Top of SOURCE DATA

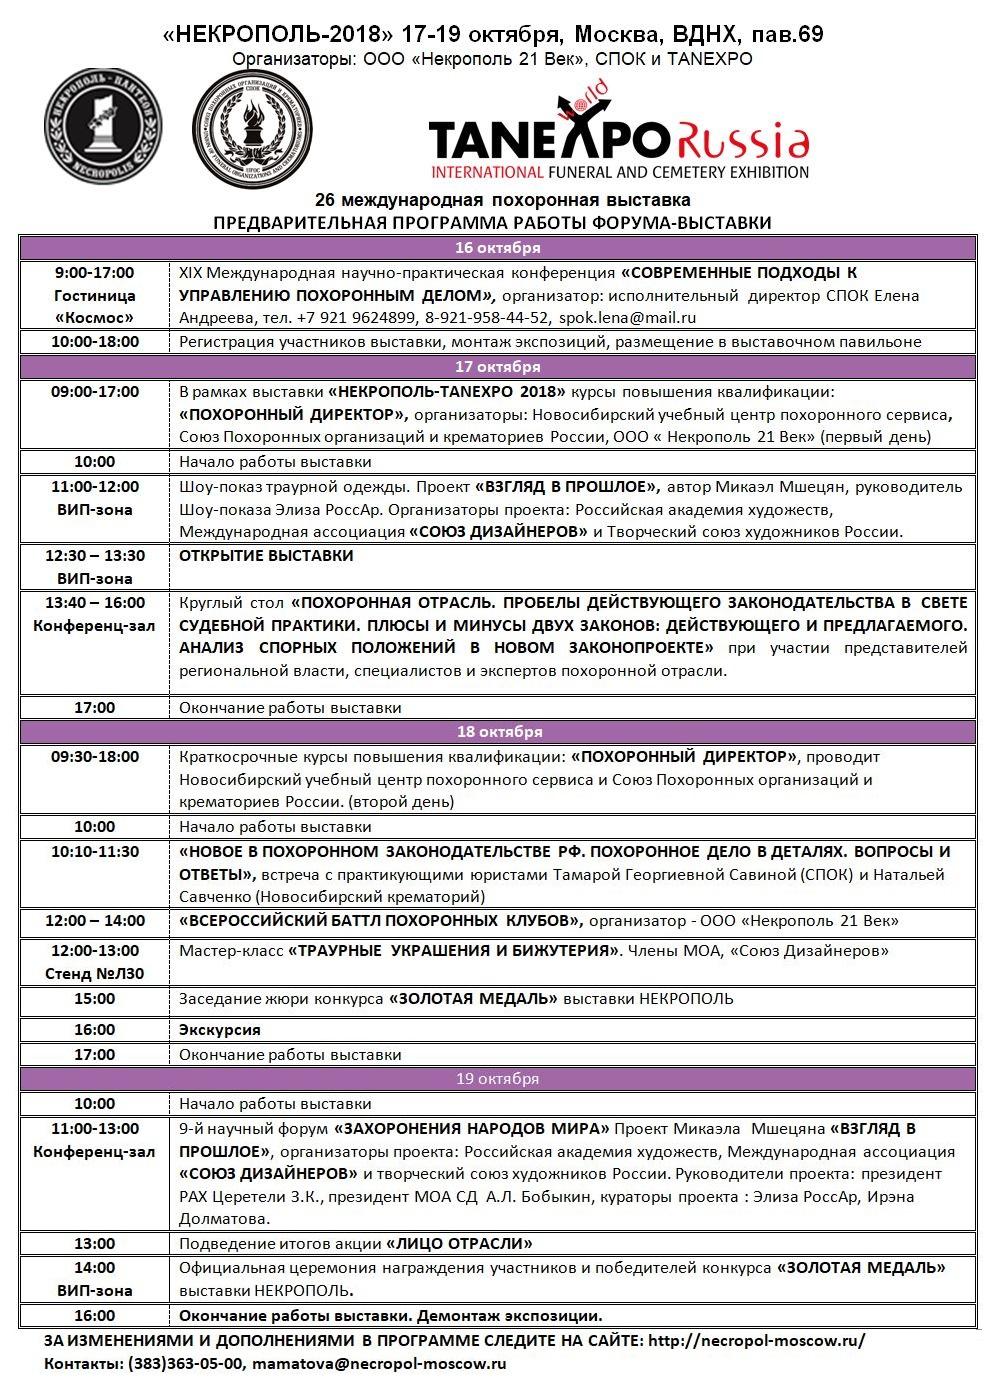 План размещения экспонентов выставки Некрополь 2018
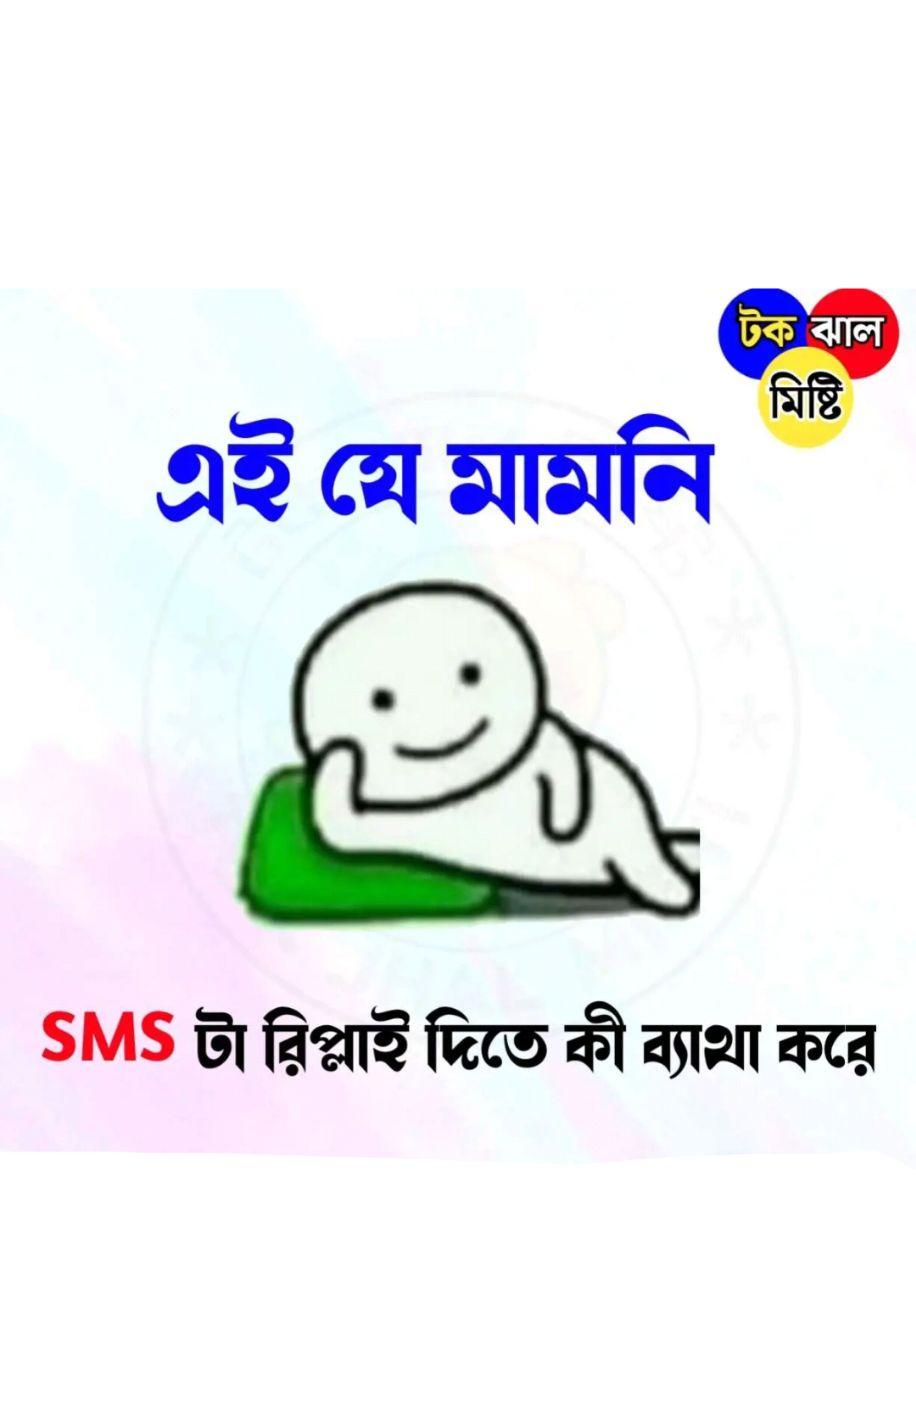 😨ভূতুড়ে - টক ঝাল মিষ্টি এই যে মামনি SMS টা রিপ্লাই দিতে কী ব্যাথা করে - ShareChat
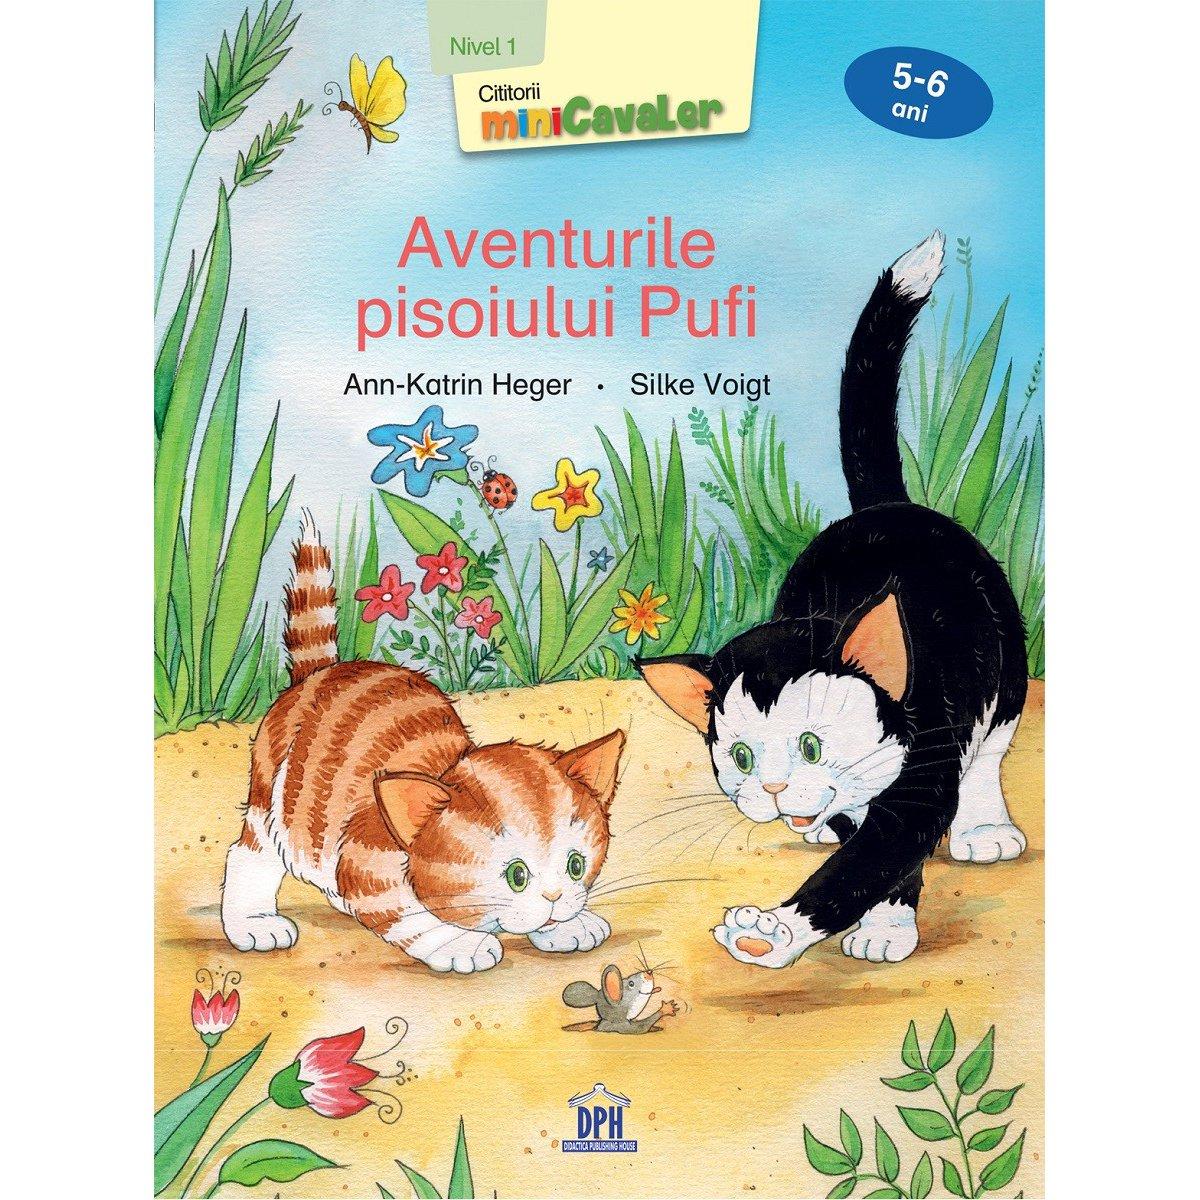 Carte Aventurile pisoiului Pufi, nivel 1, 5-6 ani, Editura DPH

Bottom of SOURCE DATA

Would you copy all the material exactly, dropping the pictures?

 План размещения экспонентов выставки Некрополь 2018
 😨ভূতুড়ে - টক ঝাল মিষ্টি এই যে মামনি SMS টা রিপ্লাই দিতে কী ব্যাথা করে - ShareChat
 Carte Aventurile pisoiului Pufi, nivel 1, 5-6 ani, Editura DPH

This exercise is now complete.